Sebastian -
There’s some precedent out there for ISBN’s. Bill Dueber and the
UMICH/code4lib folks have done amazing work, check it out here -
https://github.com/mlibrary/umich_solr_library_filters
<https://github.com/mlibrary/umich_solr_library_filters>
- Erik
> On Jan 5, 2017, at 5:08 AM, Sebastian Riemer <[email protected]> wrote:
>
> Hi folks,
>
>
> TL;DR: Is there an easy way, to copy ISBNs with hyphens to the general text
> field, respectively configure the analyser on that field, so that a search
> for the hyphenated ISBN returns exactly the matching document?
>
> Long version:
> I've defined a field "text" of type "text_general", where I copy all my other
> fields to, to be able to do a "quick search" where I set q=text
>
> The definition of the type text_general is like this:
>
>
>
> <fieldType name="text_general" class="solr.TextField"
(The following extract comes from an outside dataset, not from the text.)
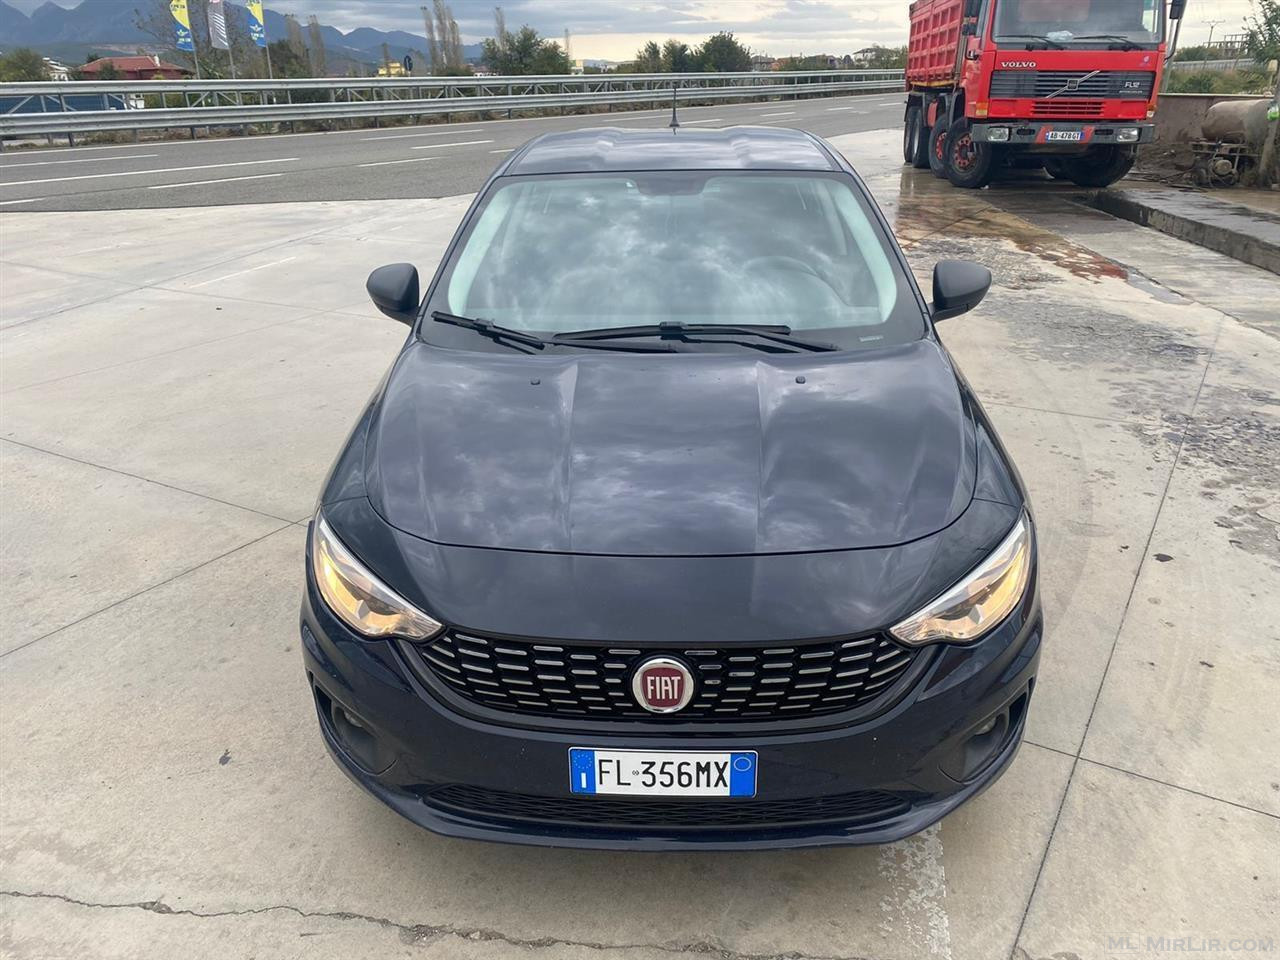 Fiat 2017 4500€

> positionIncrementGap="100">
>
> <analyzer type="index">
>
> <tokenizer class="solr.StandardTokenizerFactory"/>
>
> <filter class="solr.StopFilterFactory" ignoreCase="true"
> words="stopwords.txt" />
>
> <filter class="solr.LowerCaseFilterFactory"/>
>
> </analyzer>
>
> <analyzer type="query">
>
> <tokenizer class="solr.StandardTokenizerFactory"/>
>
> <filter class="solr.StopFilterFactory" ignoreCase="true"
> words="stopwords.txt" />
>
> <filter class="solr.SynonymFilterFactory" synonyms="synonyms.txt"
> ignoreCase="true" expand="true"/>
>
> <filter class="solr.LowerCaseFilterFactory"/>
>
> </analyzer>
>
> </fieldType>
>
>
> I now face the problem, that searching for a book with
> text:978-3-8052-5094-8* does not return the single result I expect. However
> searching for text:9783805250948* instead returns a result. Note, that I am
> adding a wildcard at the end automatically, to further broaden the resultset.
> Note also, that it does not seem to matter whether I put backslashes in front
> of the hyphen or not (to be exact, when sending via SolrJ from my
> application, I put in the backslashes, but I don't see a difference when
> using SolrAdmin as I guess SolrAdmin automatically inserts backslashes if
> needed?)
>
> When storing ISBNs, I do store them twice, once with hyphens
> (978-3-8052-5094-8) and once without (9783805250948). A pure phrase search on
> both those values return also the single document.
>
> I learned that the StandardTokenizer splits up values from fields at index
> time, and I've also learned that I can use the solrAdmin analysis and the
> debugQuery to help understand what is going on. From the analysis screen I
> see, that given the value 9783805250948 at index-time and 9783805250948*
> query-time both leads to an unchanged value 9783805250948 at the end.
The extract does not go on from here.